Readers will spot the flaw: if I wished him dead, I should have welcomed this unexpected answer to my prayer. But suicide comes under another heading; the word, even to a child, is heavy with horror. Suicides, in the myths and folktales on which I feasted during raids upon the tall nursery bookcase, were among the damned, buried at crossroads, forbidden to lie in churchyards. I could wish my father dead by accident. I could not wish that he should take his life.

My father was in the best of spirits the following day. When I asked, a little reproachfully, how he was feeling, he looked surprised. The moment at which I lost respect for him was the one in which I saw that he had no idea what I was talking about. It was all words.

In fact, as I came to understand, my father placed a high value on his life. To approach him with a cold or cough was an act of unforgivable selfishness; to feed him with a dish which threatened to play havoc with his capricious stomach was tantamount to threatening him with murder. Far from killing himself, my father would have been happy to provide the reasons why he, of us all, should be spared. How could we get on without him? Who but he was indispensable to the survival of the House?
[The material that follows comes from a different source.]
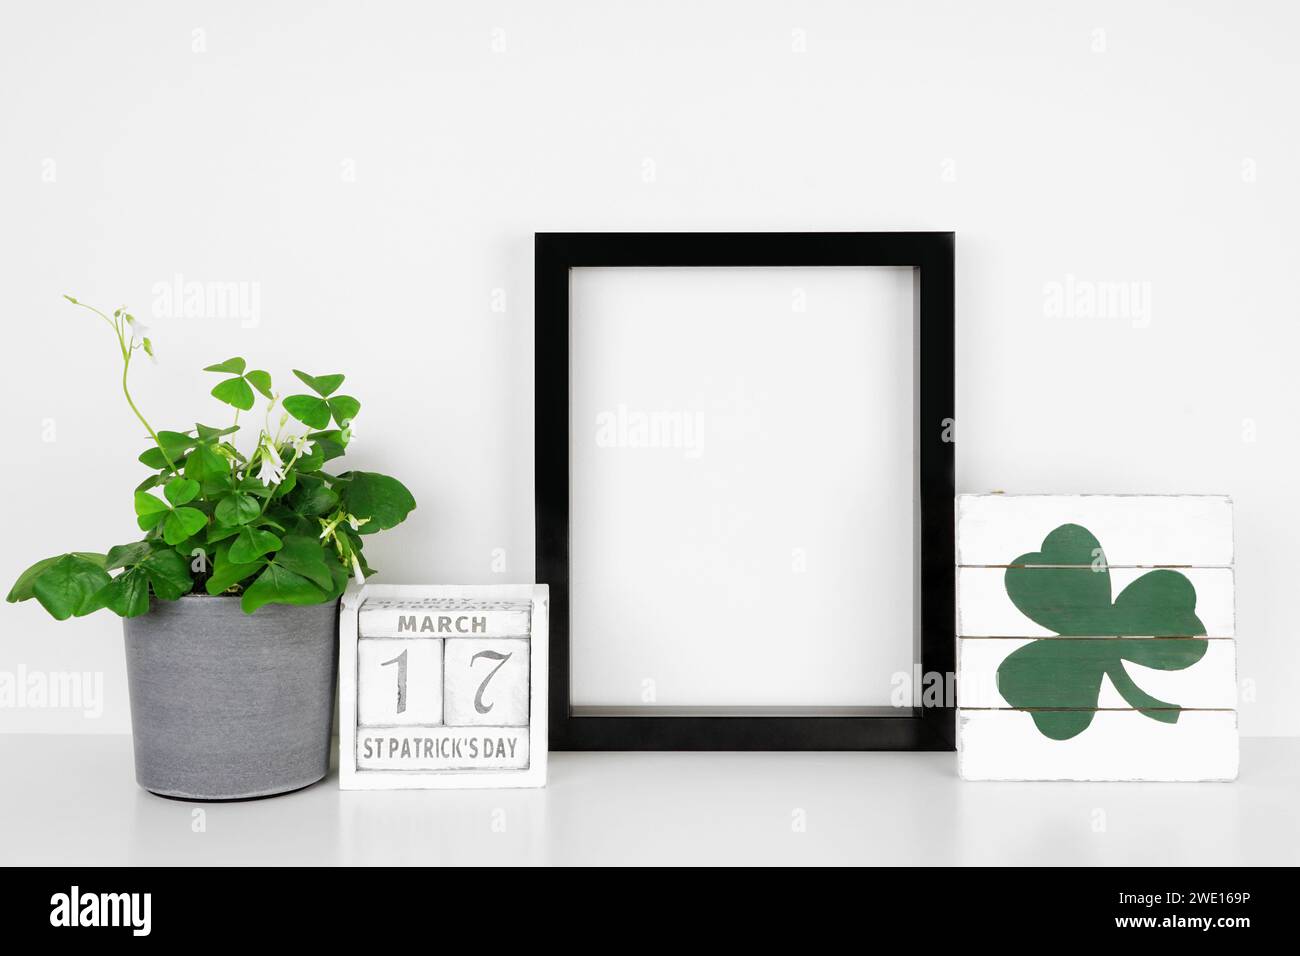 Schwarzer Rahmen mit St. Patricks Day-Dekor auf weißem Regal. Shamrock-Pflanze, schäbiger, schicker Holzkalender und Schild. Portraitrahmen gegen eine weiße Wa Stockfoto
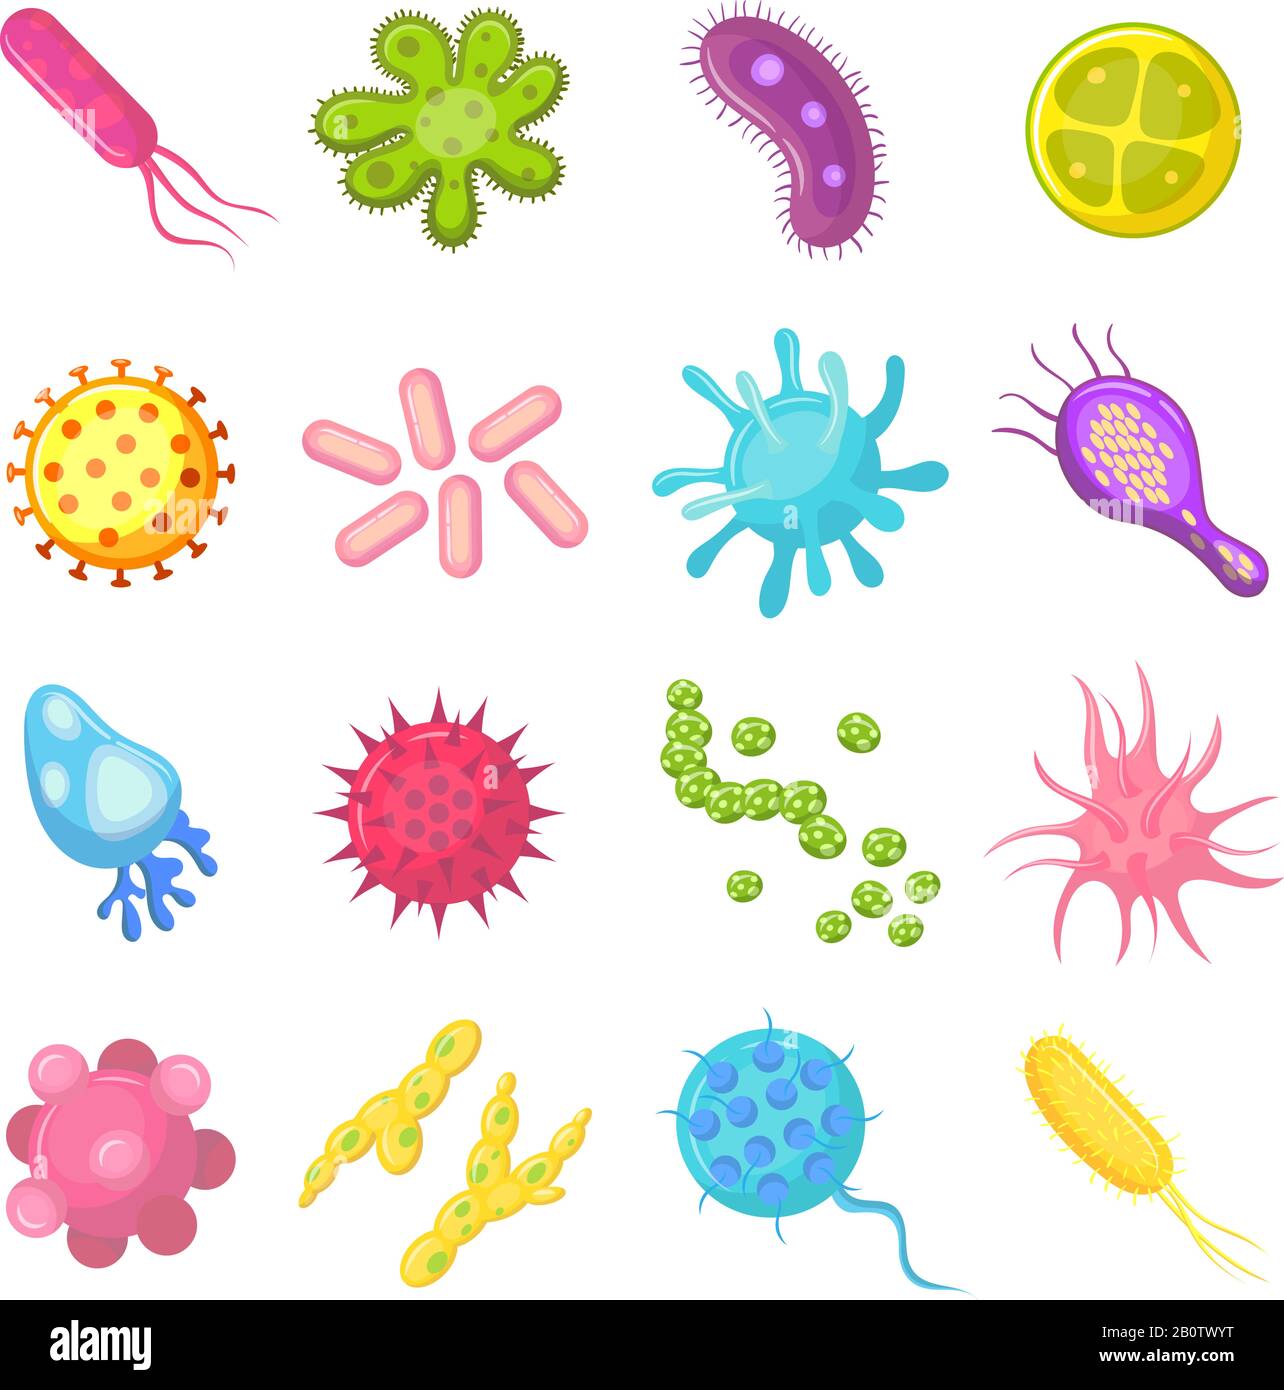 Batteri e germi colorati set microrganismi malattie-causando oggetti, batteri, virus, funghi. Illustrazione di cartoni animati isolati da vettori Illustrazione Vettoriale

An old-fashioned phrase slides into my head. You wouldn’t want to be in a trench with—

‘You’re being unfair,’ my mother says. ‘He never had the chance to fight. We don’t know how he would have behaved.’

‘We don’t know. But—’

She shakes her head. I’m not going to win her assent to this. But I wouldn’t have cared to be with my father in a situation where one life had to be sacrificed. It wouldn’t be his.

Even as a child, I knew that the war was a bad subject. He was happy to play us a crackling record of Churchill’s speeches to the nation, but direct questions were never welcome. The closest I came to knowing what part he had played in his country’s defence was the clipped information that he had been ill. I heard my mother describe how a bad-tempered sergeant made her scrub canteen floors with a sanitary towel; from my father, I heard not a word. No word of the bombs, of the Blitz, or the dead: nothing.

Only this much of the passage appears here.